Entonces, y ahora, porque los “estorbantes” siempre han estado ahí, incrustados en las oficinas del gobierno, no se han ido, los aficionados a mecerse y roncar en la hamaca, son un lastre que hay que arrojar fuera de la nave en estos tiempos de peligrosas marejadas políticas.
El gobernador del estado, Héctor Astudillo Flores, a dos años de haber asumido el timón de la descontrolada embarcación que era Guerrero, seguramente ya tiene una idea clara de quiénes funcionan y quiénes no, para estar a la altura de los reclamos populares, que hoy son incontenibles.
Los colaboradores del gobernador deben entender que no sólo se trata de estar en la oficina dizque haciendo la chamba.

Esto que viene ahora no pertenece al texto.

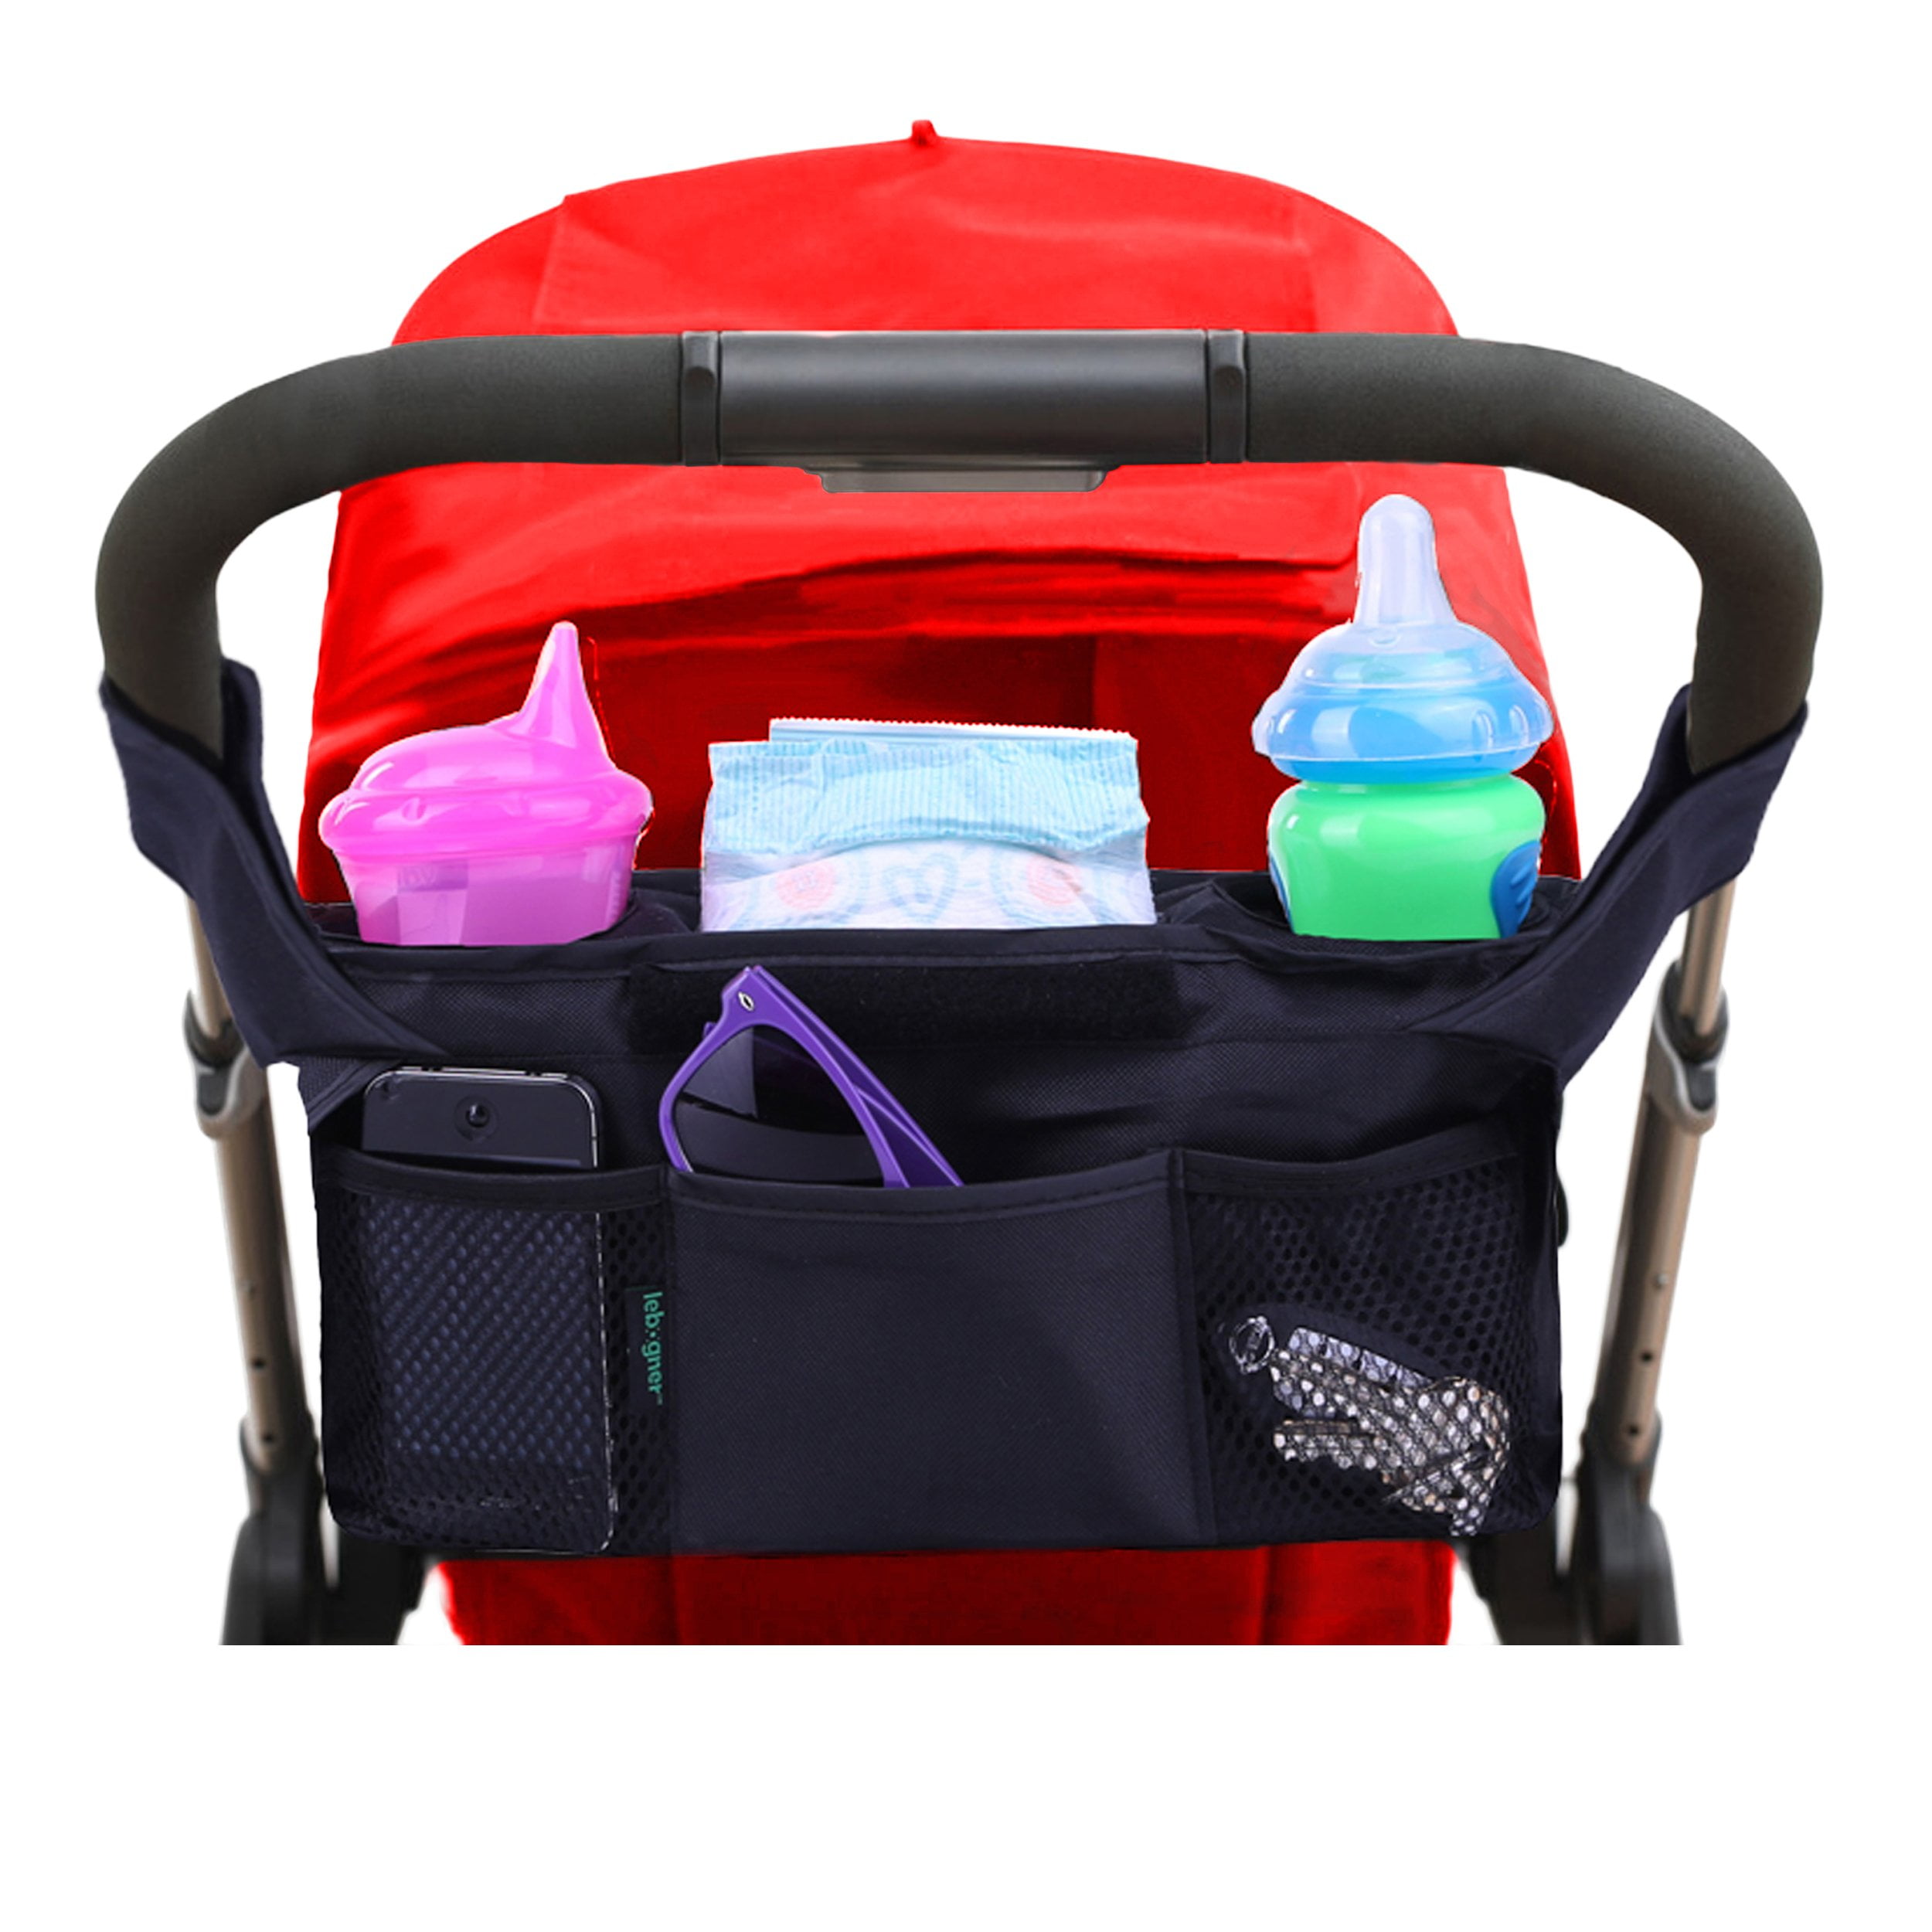 Baby Stroller Organizer Bag With Insulated Cup Holders Large Capacity Bags

Deben defender con convicción las ideas de este gobierno, sus objetivos, sus acciones.
Sí van a la radio y a la televisión, y aparecen en los medios impresos, pero se han limitado a hablar del área que les corresponden.
La activista Yndira Sandoval expresó que había sufrido una violación del Estado, y ningún funcionario, ni siquiera de la Secretaría de la Mujer o las flamantes diputadas de su partido, el PRI, salieron al paso.
Del homicidio de Ranferi Hernández, ex dirigente estatal del PRD, se dijeron también muchas cosas: que en Guerrero hay persecución y linchamiento en contra de luchadores sociales, y que no se ve un combate antidelincuencia. Ni por una rejilla alguien asomó la cara.
Y habrá más andanadas en contra del Ejecutivo estatal en la medida en que se acerquen las elecciones de 2018. Espérense.